Threat Landscape for Industrial Automation Systems in H2 2018
Kaspersky Lab ICS CERT team publishes the findings of its research on the threat landscape for industrial automation systems conducted during the second half of 2018.
Ray DeMeo, co-founder and chief operating officer at security solution provider Virsec, commented on the limitations of the report:
“The industrial automation space is definitely vulnerable and raising awareness of this is important. However, this report perpetuates outdated models of how to address these advanced security issues and only reports on what perimeter tools like Kaspersky can see – repetitive known malware, used by copycat hackers.

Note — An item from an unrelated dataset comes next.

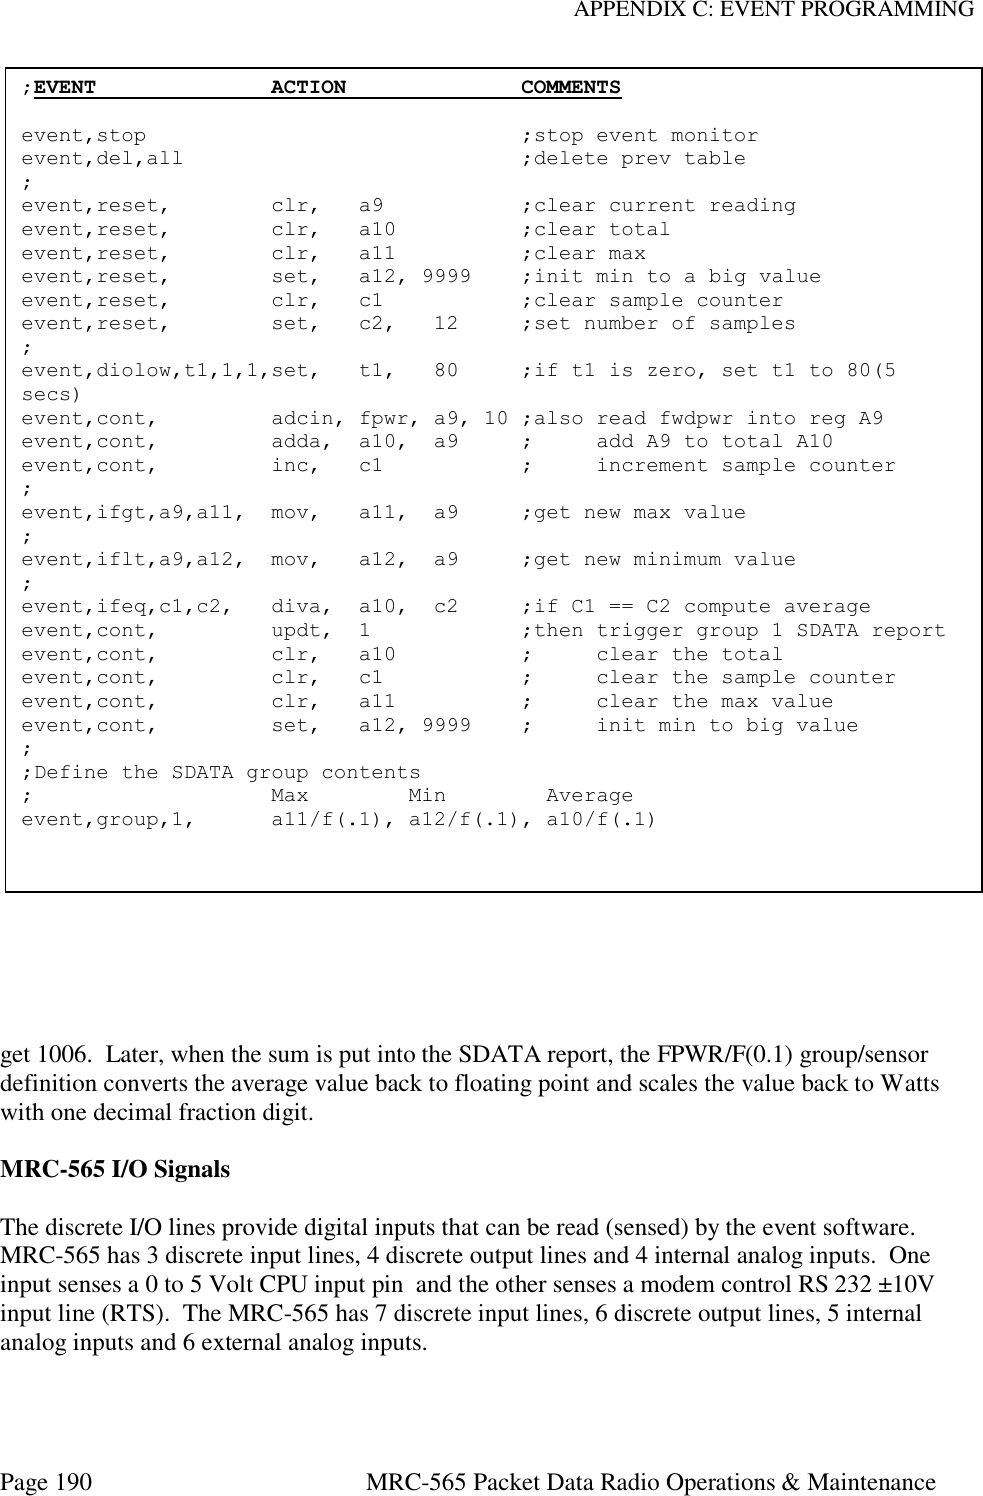 APPENDIX C: EVENT PROGRAMMING Page 190  MRC-565 Packet Data Radio Operations &amp; Maintenance      get 1006.  Later, when the sum is put into the SDATA report, the FPWR/F(0.1) group/sensor definition converts the average value back to floating point and scales the value back to Watts with one decimal fraction digit.   MRC-565 I/O Signals  The discrete I/O lines provide digital inputs that can be read (sensed) by the event software. MRC-565 has 3 discrete input lines, 4 discrete output lines and 4 internal analog inputs.  One input senses a 0 to 5 Volt CPU input pin  and the other senses a modem control RS 232 ±10V input line (RTS).  The MRC-565 has 7 discrete input lines, 6 discrete output lines, 5 internal analog inputs and 6 external analog inputs.     ;EVENT              ACTION              COMMENTS  event,stop                              ;stop event monitor event,del,all                           ;delete prev table ; event,reset,        clr,   a9           ;clear current reading event,reset,        clr,   a10          ;clear total event,reset,        clr,   a11          ;clear max event,reset,        set,   a12, 9999    ;init min to a big value event,reset,        clr,   c1           ;clear sample counter event,reset,        set,   c2,   12     ;set number of samples ; event,diolow,t1,1,1,set,   t1,   80     ;if t1 is zero, set t1 to 80(5 secs) event,cont,         adcin, fpwr, a9, 10 ;also read fwdpwr into reg A9 event,cont,         adda,  a10,  a9     ;     add A9 to total A10 event,cont,         inc,   c1           ;     increment sample counter ; event,ifgt,a9,a11,  mov,   a11,  a9     ;get new max value ; event,iflt,a9,a12,  mov,   a12,  a9     ;get new minimum value ; event,ifeq,c1,c2,   diva,  a10,  c2     ;if C1 == C2 compute average event,cont,         updt,  1            ;then trigger group 1 SDATA report event,cont,         clr,   a10          ;     clear the total event,cont,         clr,   c1           ;     clear the sample counter event,cont,         clr,   a11          ;     clear the max value event,cont,         set,   a12, 9999    ;     init min to big value ; ;Define the SDATA group contents ;                   Max        Min        Average event,group,1,      a11/f(.1), a12/f(.1), a10/f(.1)

Kaspersky refers to the threat from targeted attacks as a “myth” – this attitude is both naïve and dangerous. Numerically, there are of course more instances of unsophisticated script kiddies running known tools repetitively, but these are easily stopped by the most basic AV tools, along with user training.
The vast majority of damage, disruption, financial loss and fear around industrial security comes from new, targeted attacks that have never been seen and cannot be detected by signature-based tools. Triton, Industroyer, WannaCry, Blackenergy, Greyenegy and others all started as targeted attacks aimed at specific organizations and specific types of ICS systems, and caused tens of billions in damages. These can only be detected and stopped by security tools that guardrail how applications actually execute, as opposed to chasing elusive threats.”